Fire education campaign focuses on kitchen safety

By From page A3 | October 23, 2013

Just for kids

* Measure a 3-foot “kid-free” zone around the stove and cooktop;

* Are you old enough to use the microwave? Have a grown-up teach you;

* Are you tall enough to reach the microwave? The microwave should be low enough so you can reach it without standing on a chair or stool, and your face should be higher than the front of the door;

* Cool a burn right away, and tell a grown-up if you get burned

Preventing kitchen fires is the focus of public education campaigns across the country during October, which is Fire Prevention Month. Davis firefighters join the cause by asking people to put a lid on dangers and prevent kitchen fires.

More home fires start in the kitchen than anywhere else, according to the National Fire Protection Association. In 2011, the latest year in which figures are available, cooking was involved in an estimated 156,300 home fires that caused 470 deaths, 5,390 injuries and $1 billion in property damage.

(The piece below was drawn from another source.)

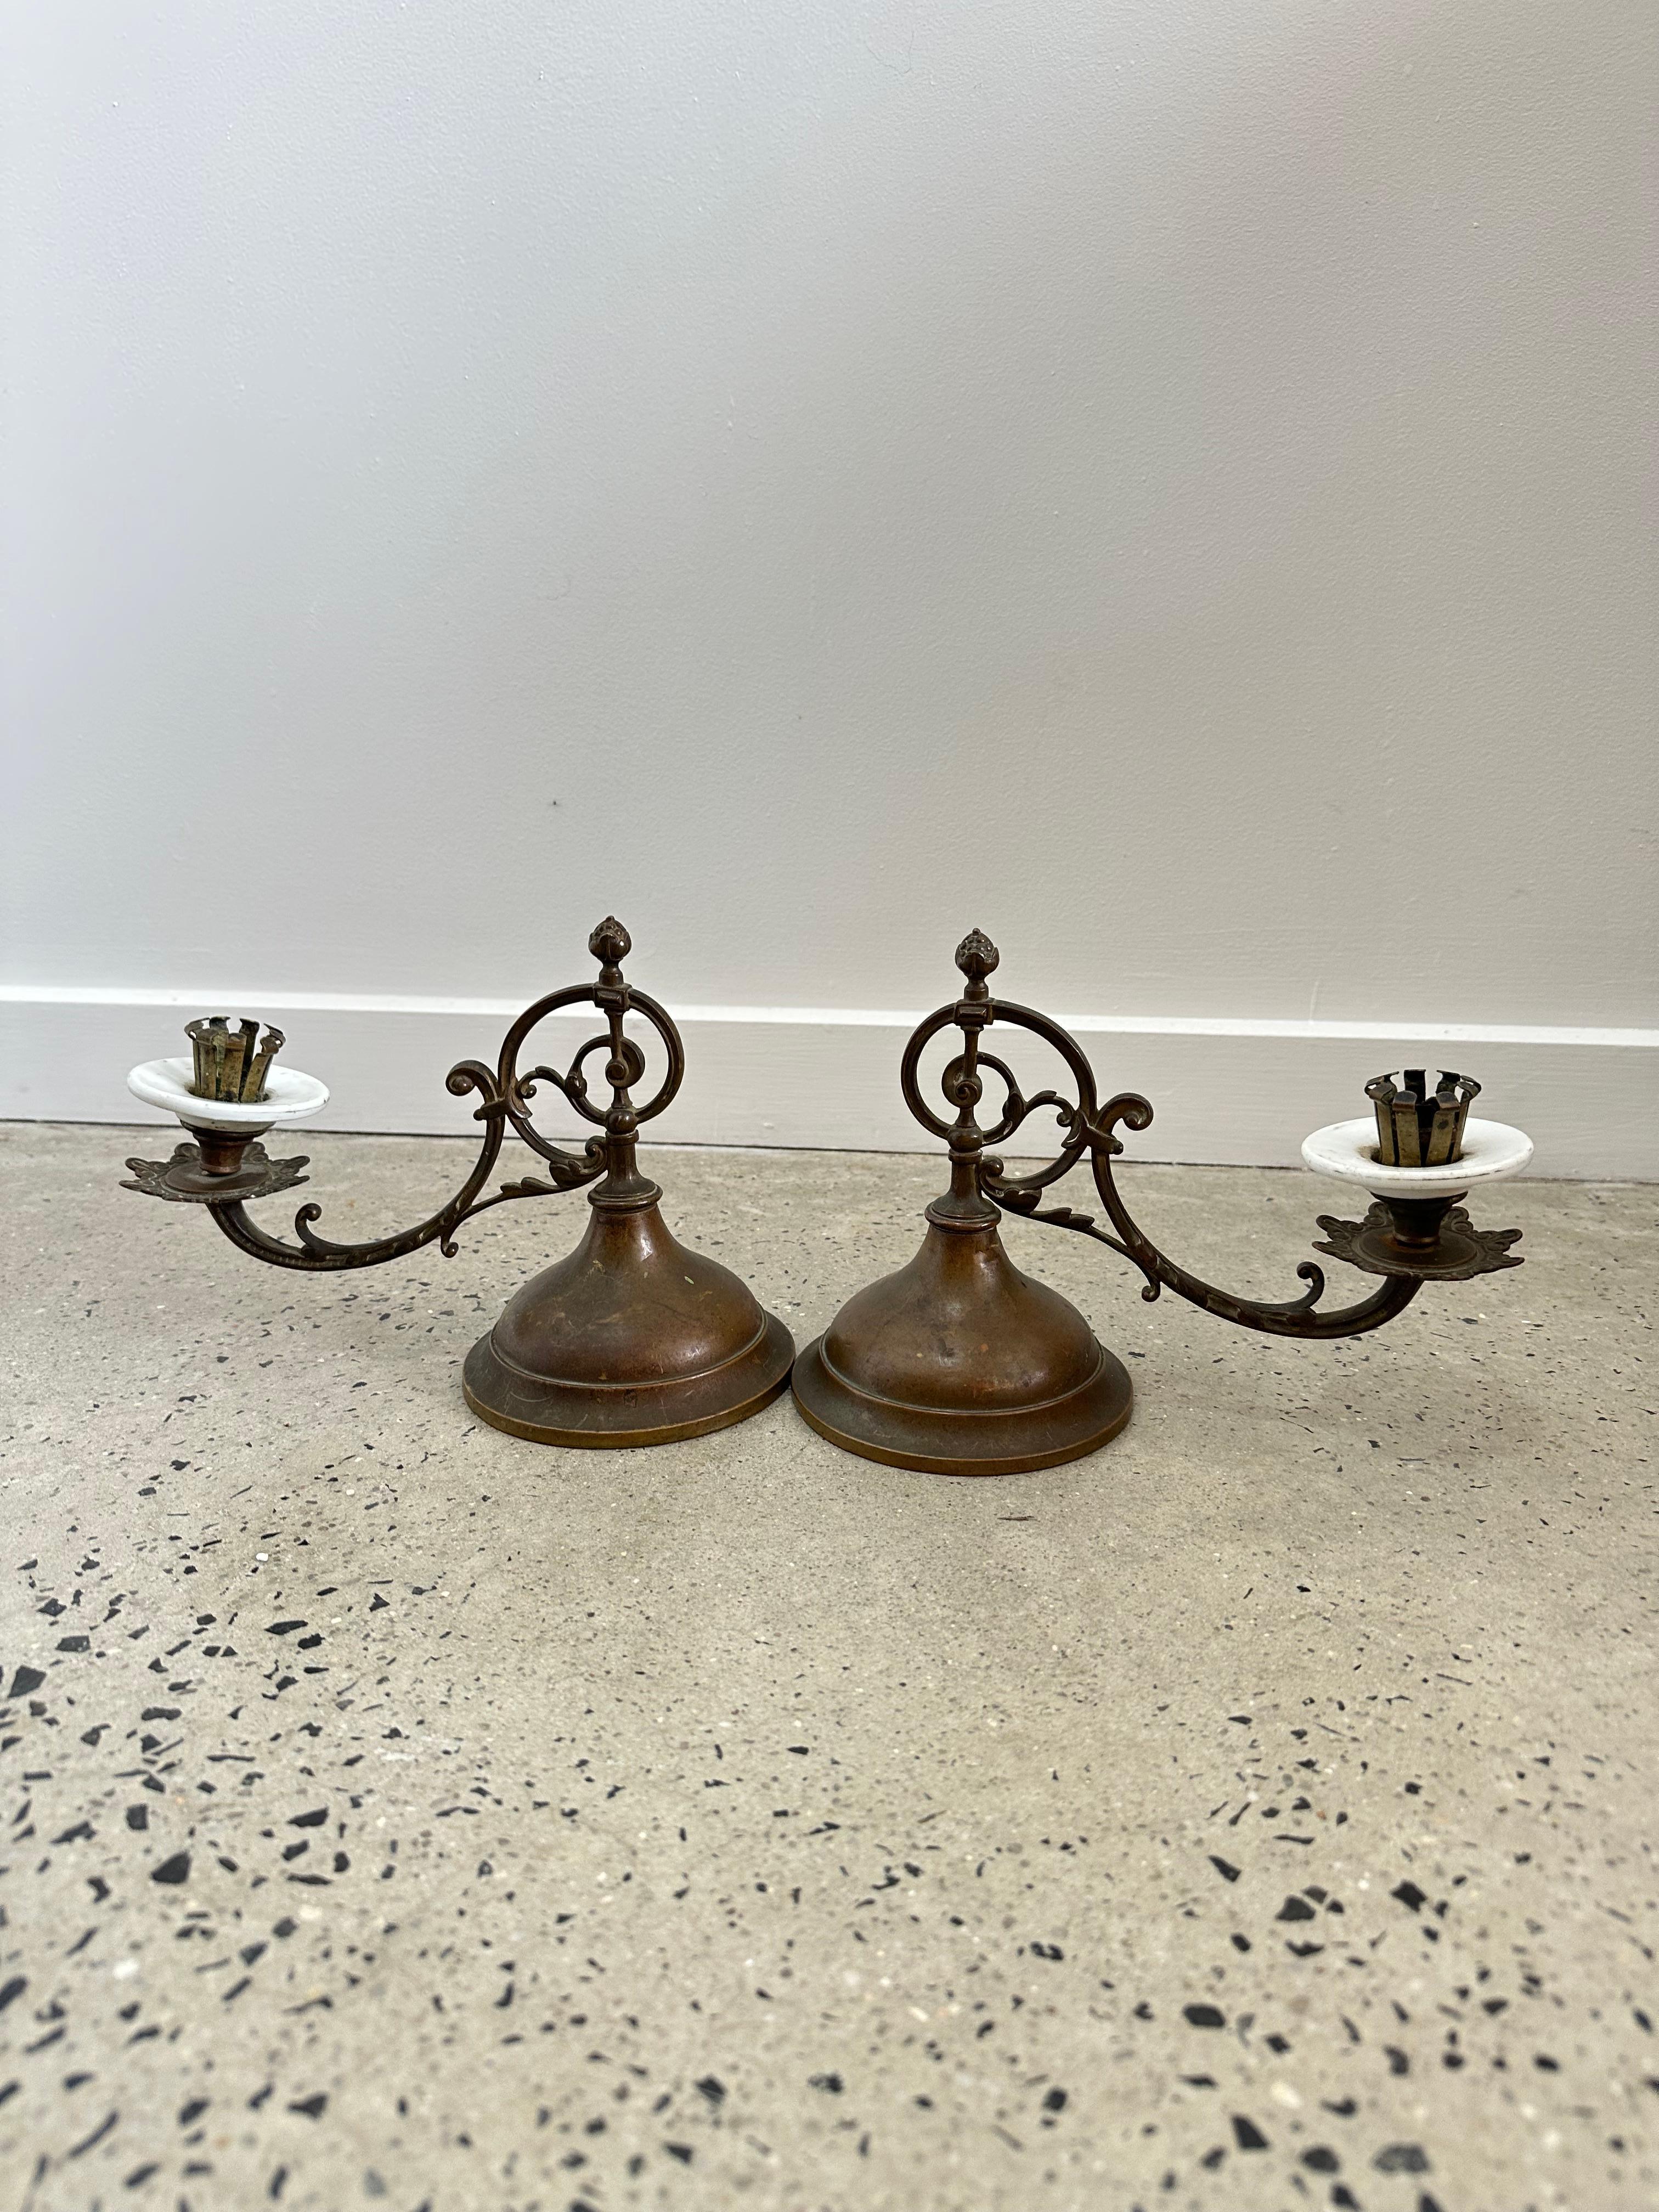 American brass and porcelain candle holders from the 1800s are a popular collector's item among antique enthusiasts. During this time period, candle holders were often used as a primary source of lighting in homes, and as a result, they were

“These numbers could be greatly reduced if people paid more attention when they cooked and practiced simple fire safety behaviors,” a brochure reads. The brochure offers the following recipe for stopping kitchen fires before they start:

* Unattended cooking is the leading cause of kitchen fires. Keep an eye on what you fry;

* Stay alert to avoid stirring up trouble in the kitchen. Don’t use the oven or stovetop if you are sleep, have consumed alcohol or are using drugs;

* Make sure flammable objects aren’t near the stove. Clean up food and grease from burners and the stovetop, and war short, tight-fitting or tightly rolled sleeves;

* Prevent scalds and burns by keeping pot handles turned in; if you do suffer a burn, cool it under running water for three to five minutes and cover with a clean, dry cloth; and

* Be ready to react fast to a cooking fire. Slide a lid over a small grease fire, turn off the burner and leave the pan covered until it is completely cool. Open a microwaved container of food slowly, letting steam escape. For an oven or microwave fire, turn off the heat and keep the door closed.

When in doubt, just get out, and call the Fire Department.